I'm mulling about what can be done about declaring Ponie "undead", five years later. 13:16
new codebase, but same idea.
one of the reasons Ponie was put out to pasture was "Parrot isn't ready; it's changing around too much". perhaps what we have going today with PCT and nqp is a lot more stable a foundation. 13:18
masak which book, in retrospect, is the first one to belong to what has later been named Modern/Enlightened Perl?

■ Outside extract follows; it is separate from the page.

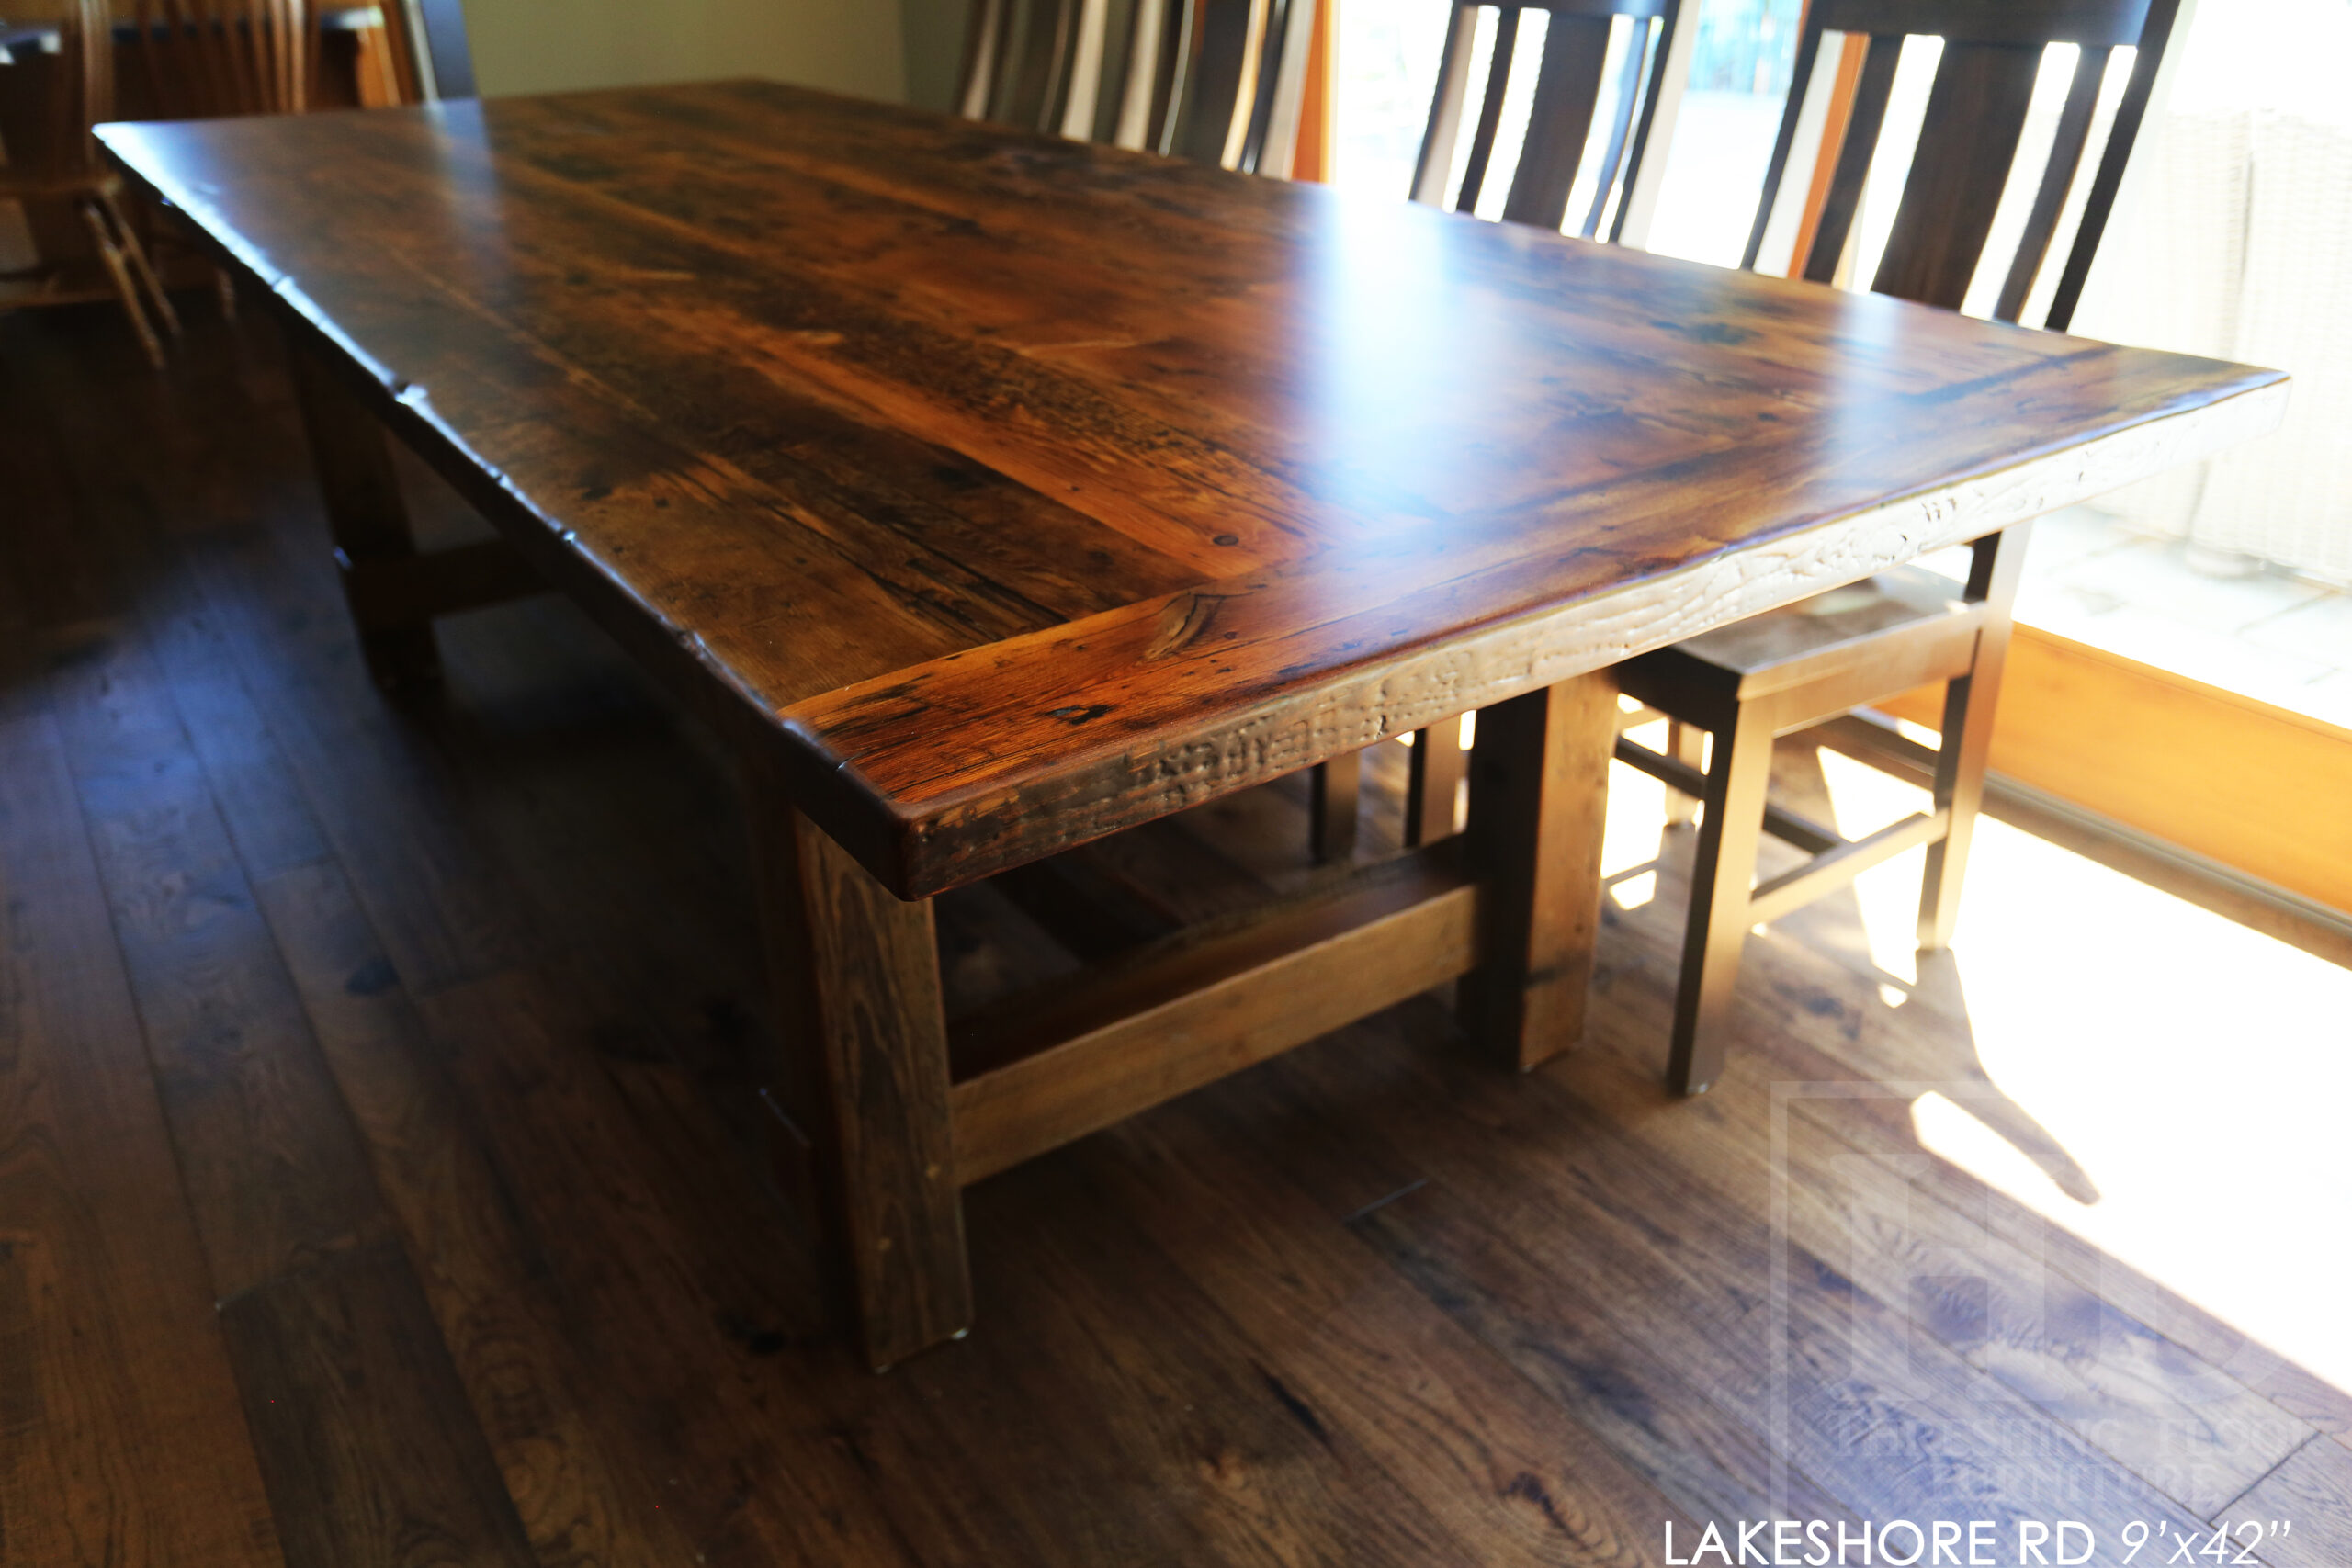 Project Summary: 9’ Reclaimed Ontario Barnwood Frame Table we made for a St. Catherines, Ontario Home – 42” wide - Old Growth Hemlock Threshing Floor Construction - Original edges & distressing maintained – Bread Edge Boards - Premium epoxy + matte polyurethane finish – 10 Sorority Chairs / Wormy Maple / Stained Dominant Tone of Table / Polyurethane Clearcoat Finish - www.table.ca

MJD's "Higher-Order Perl" immediately comes to mind. 13:27
tadzik hai zebras 13:29
masak tadzik! \o/ 13:30
moritz_ masak: I agree (re HOP) 13:35
tadzik I still haven't read that 13:36
masak I think more books like HOP could, and should, be written.
something like Perl and patterns (as in GoF), perhaps. 13:37
basically, I'd love to read anything that assumed Perl and Moose knowledge :)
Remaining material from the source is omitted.